O cessar-fogo foi observado ao longo de cerca de 30 km no front ocidental, no norte da França e na Bélgica, onde os britânicos ajudavam os belgas e os franceses a conter a ofensiva territorial da Alemanha sobre seus países.
Segundo Malcolm Brown, historiado do Imperial War Museum de Londres e autor do livro "Christmas Truce" (Trégua de Natal), os soldados que se encontraram "descobriram que os inimigos eram seres humanos também, que também carregavam fotos de suas famílias".
Brown afirma que o grande acúmulo de cadáveres entre as posições da Alemanha e dos aliados contribuiu para a trégua. "Houve muitos casos em que eles concordaram em fazer um cessar-fogo para enterrar os mortos."
A Primeira Guerra Mundial (1914-18) entrou para a história como um dos maiores massacres de soldados (cerca de 9 milhões de mortos) devido principalmente ao que ficou conhecido como a "guerra de trincheiras".

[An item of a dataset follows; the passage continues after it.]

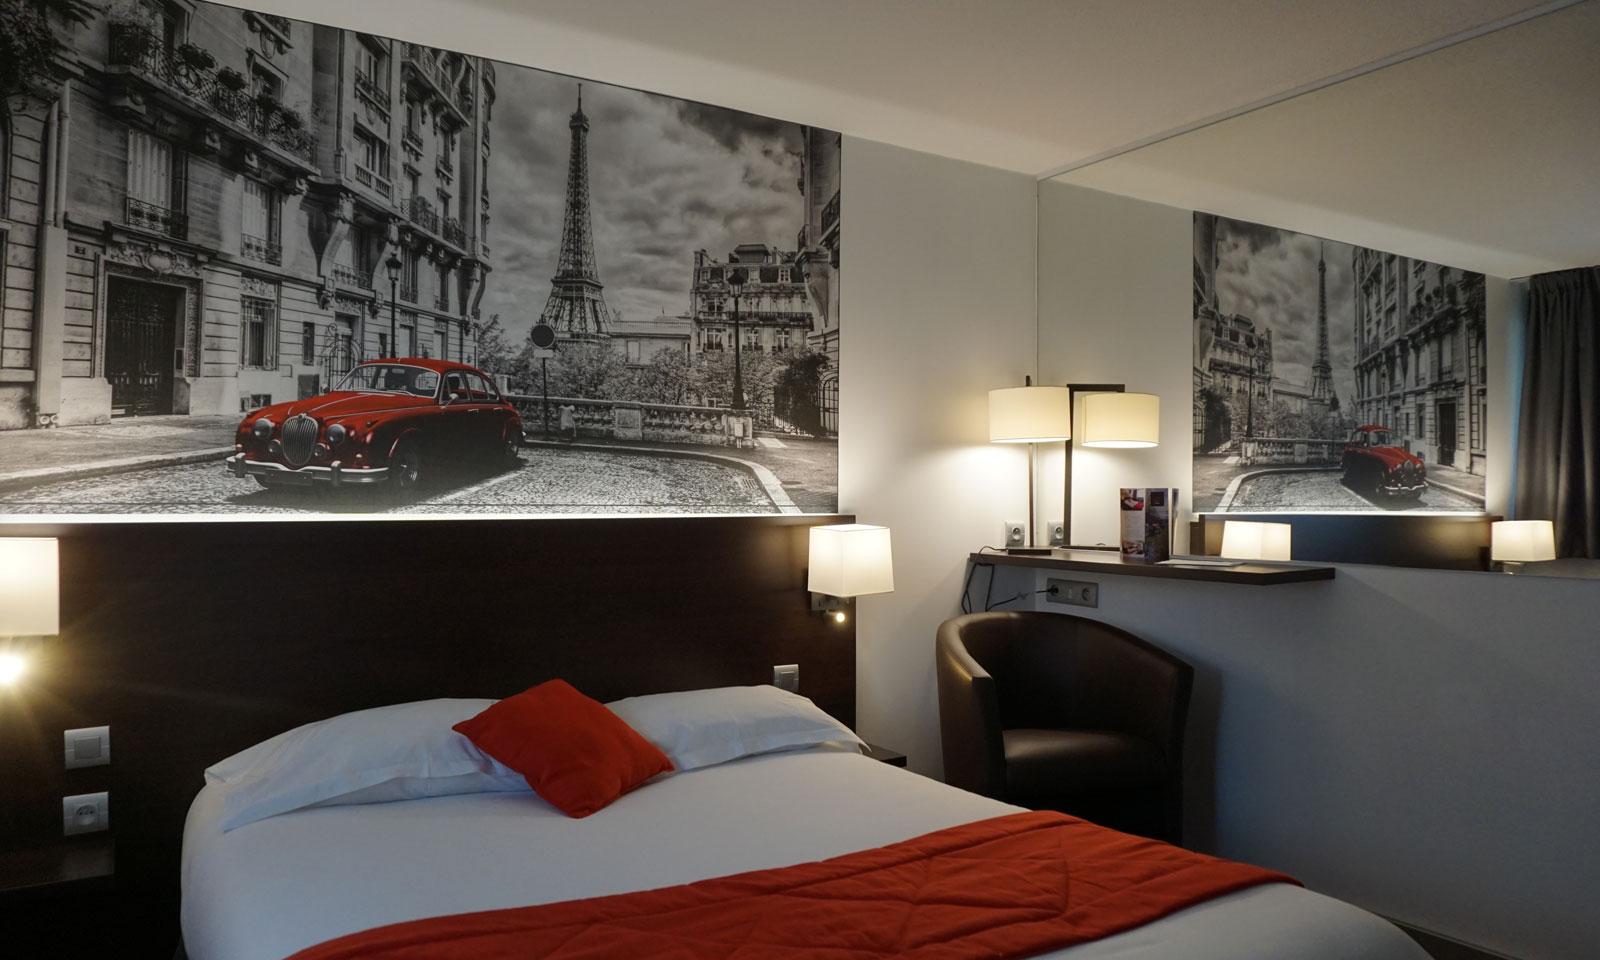 Hotel pavillon gatines

Naquela época, com a aviação de guerra ainda engatinhando, os exércitos avançavam por terra contra o inimigo, perdendo milhares de homens em cada combate. Em apenas 24 horas, no primeiro dia da Batalha do Somme, em julho de 1916, o Reino Unido perdeu 19.240 homens (a pior derrota militar em um só dia de sua história).
Cada lado cavava suas trincheiras e ali permanecia combatendo por meses, anos às vezes, sem que houvesse mudanças geográficas significativas.
A brutalidade daquele conflito é o que dá à trégua do Natal de 1914 uma áurea de mito, "um episódio humano em meio a todas as atrocidades", como define Brown em seu livro. "Foi um dia de paz na guerra", comentou um soldado alemão. "Só foi uma pena que não foi uma paz decisiva."
E não foi mesmo. À medida que os meses se passaram e os corpos foram se empilhando, a possibilidade de novas tréguas foi se esvaindo. Houve, é verdade, uma pequena pausa no Natal de 1915. Mas de 1916 -ano das horrivelmente famosas batalhas do Somme e de Verdun- em diante, a camaradagem entre inimigos voltou a ser algo impraticável, possível apenas nas telas do cinema.